__Source material__.
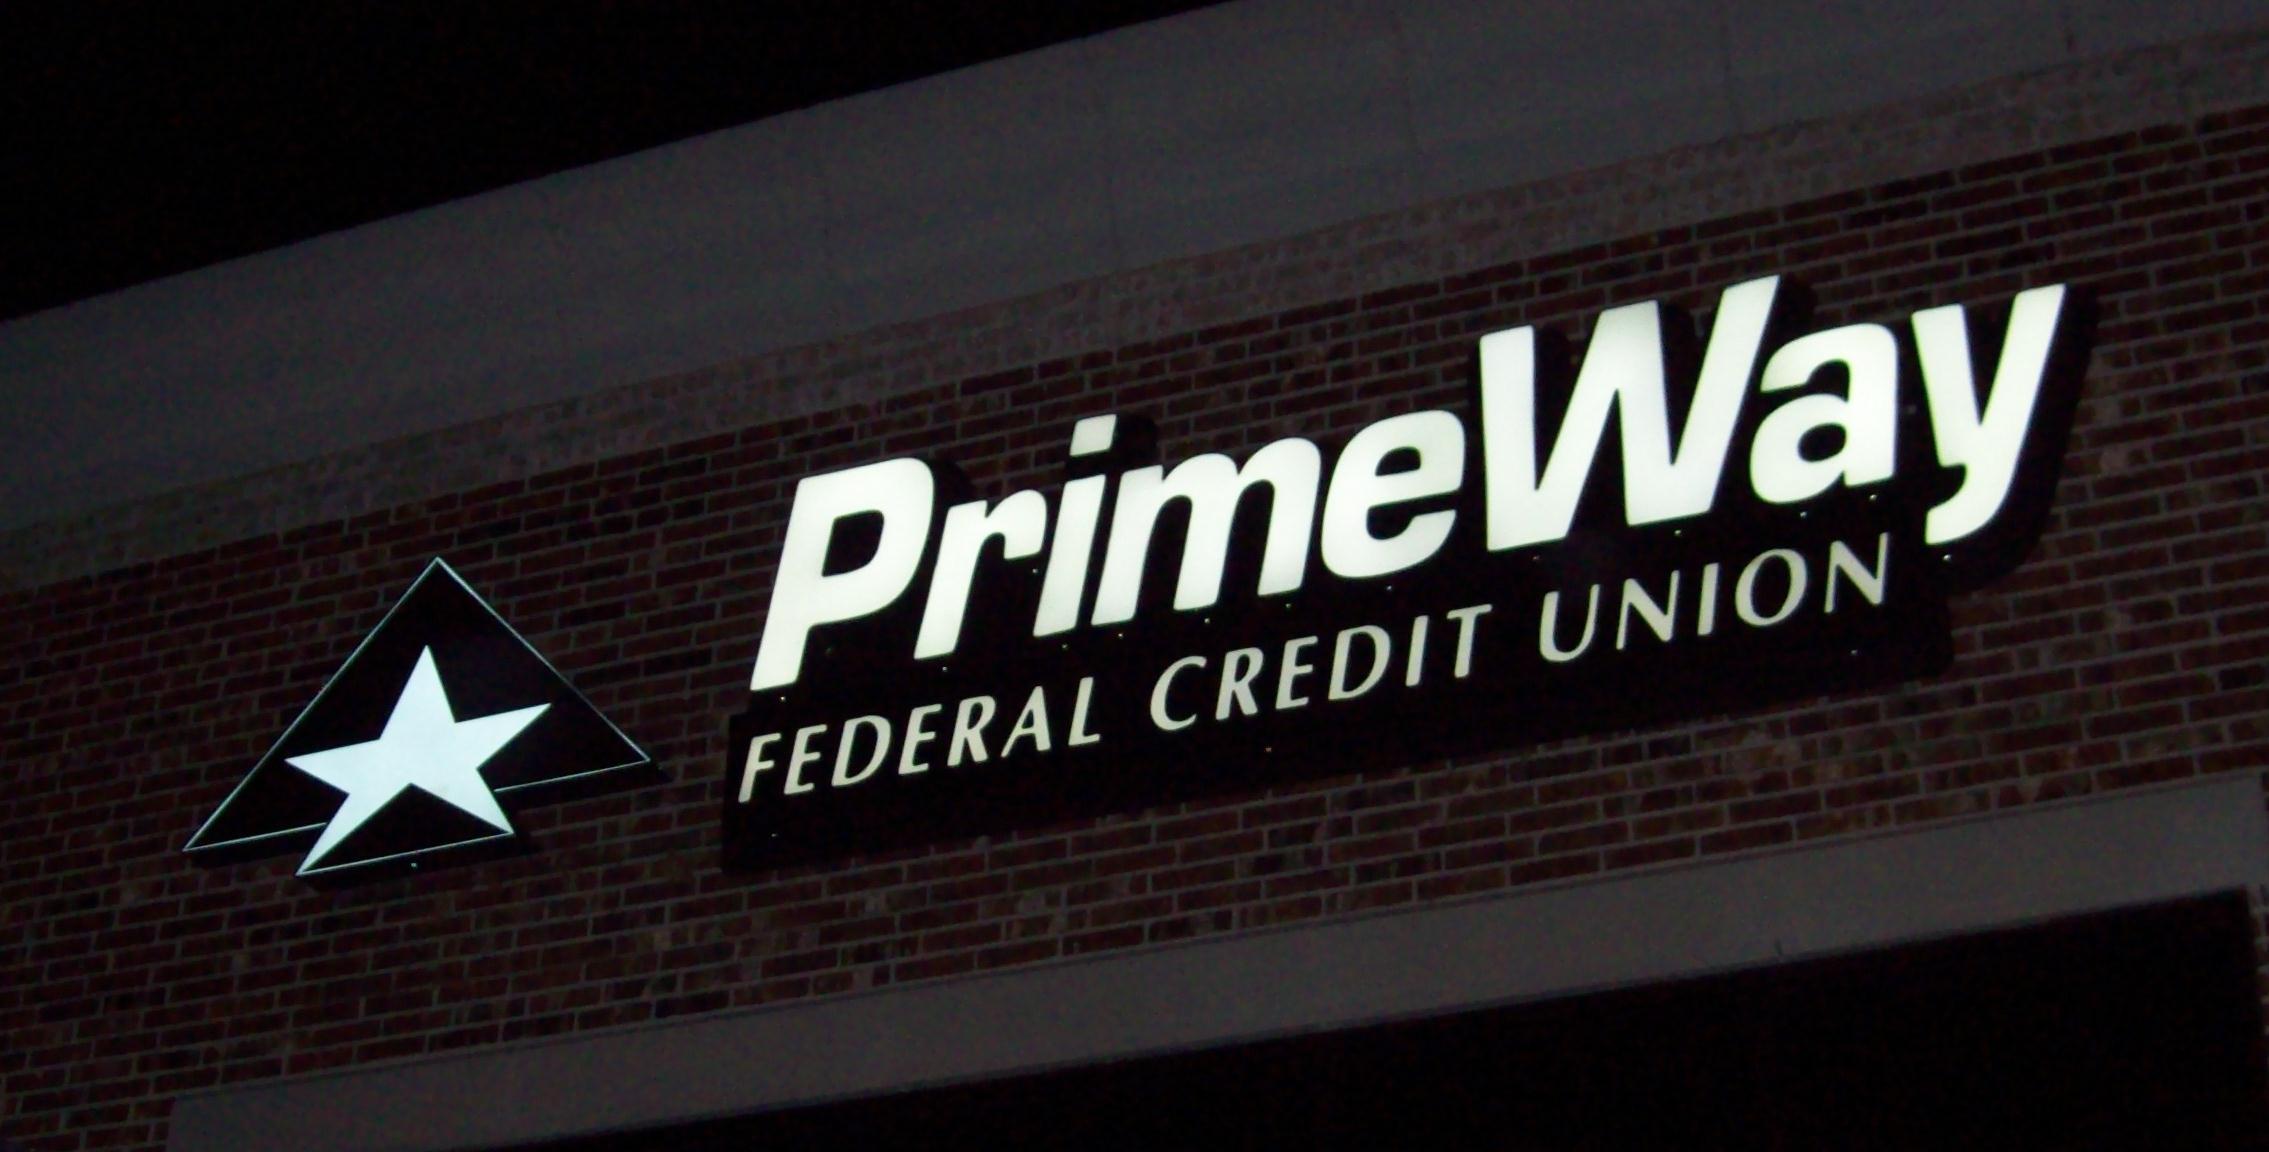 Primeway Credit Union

--

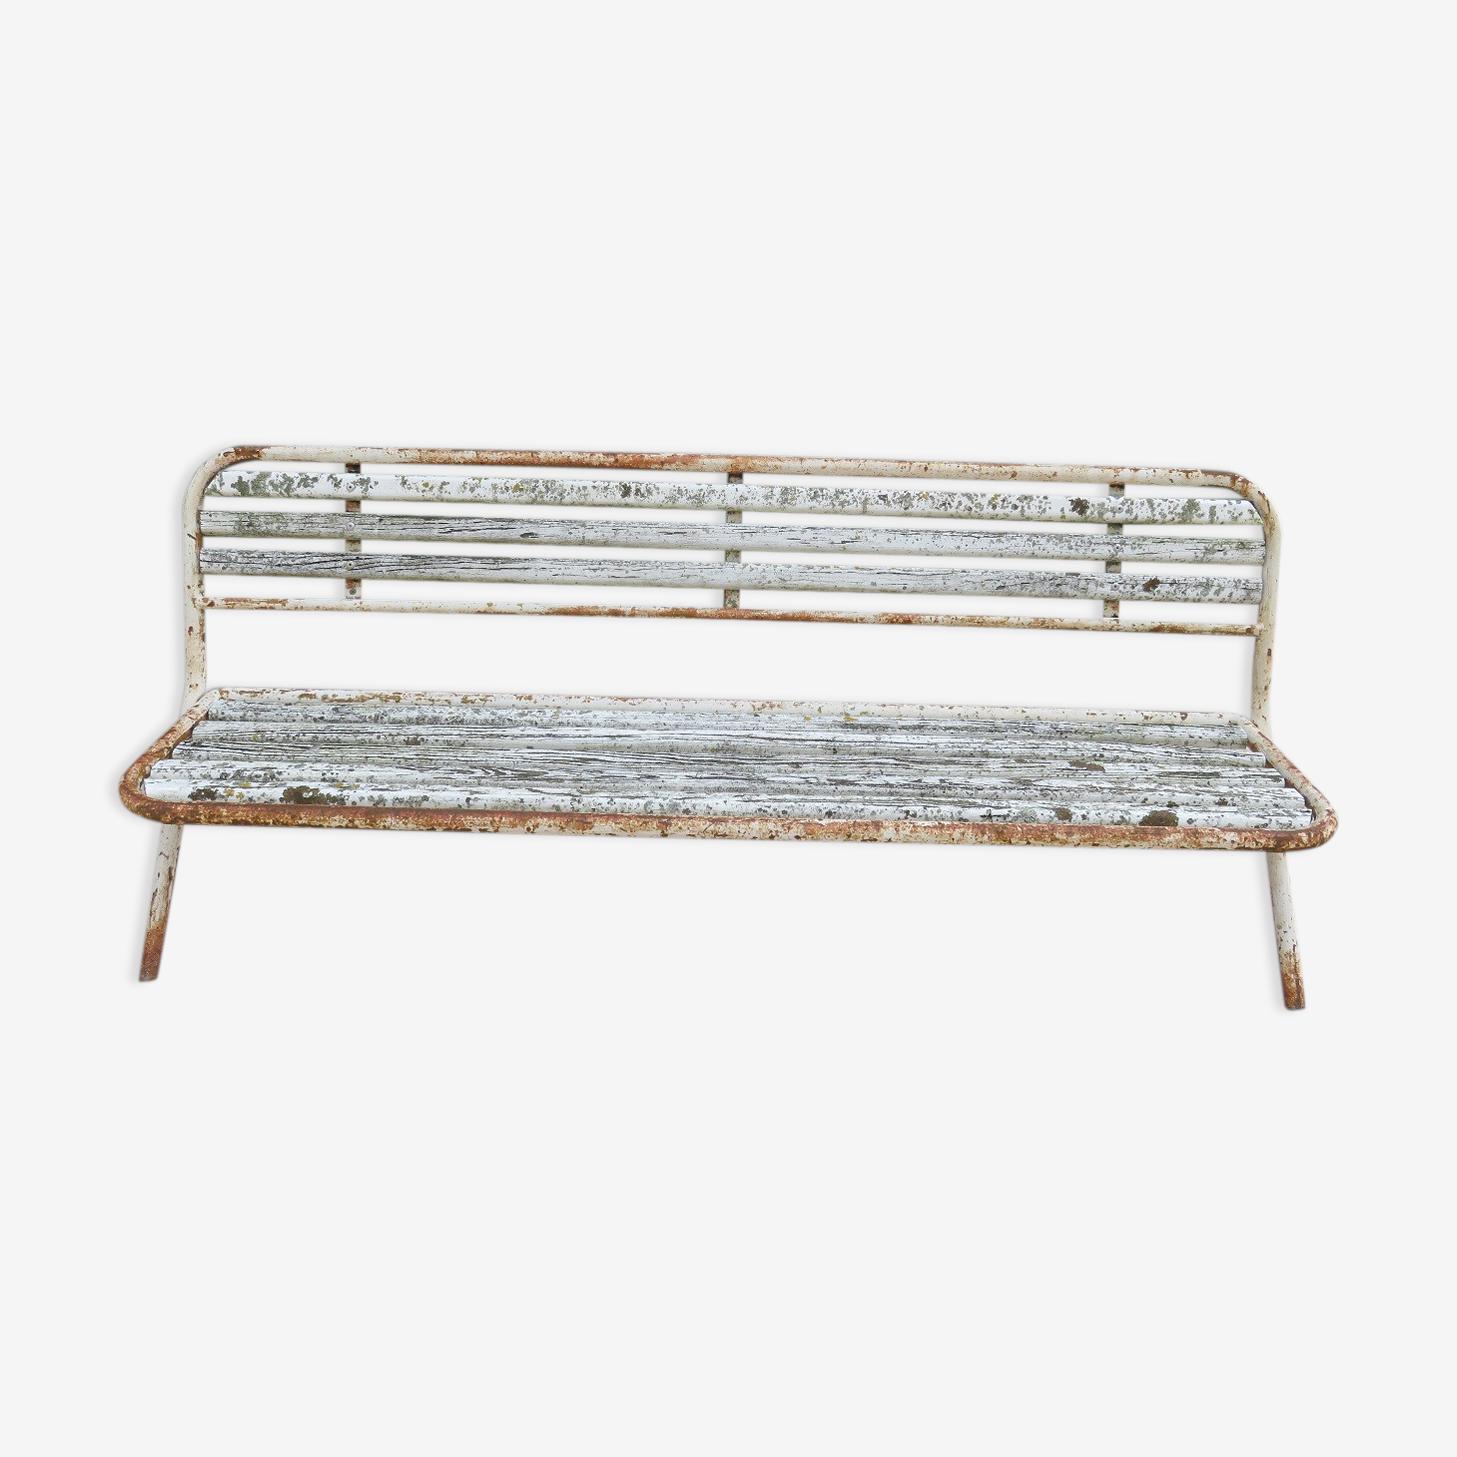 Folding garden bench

==

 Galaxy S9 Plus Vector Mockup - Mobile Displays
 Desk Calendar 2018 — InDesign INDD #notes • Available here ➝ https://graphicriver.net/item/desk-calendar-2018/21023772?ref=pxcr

__Directions for this task__.
Reproduce exactly the lines of the records above from the one with "Galaxy S9 Plus" to the one with "Desk Calendar 2018", both included, and leave out everything else.

__Task solution__.
 Galaxy S9 Plus Vector Mockup - Mobile Displays
 Desk Calendar 2018 — InDesign INDD #notes • Available here ➝ https://graphicriver.net/item/desk-calendar-2018/21023772?ref=pxcr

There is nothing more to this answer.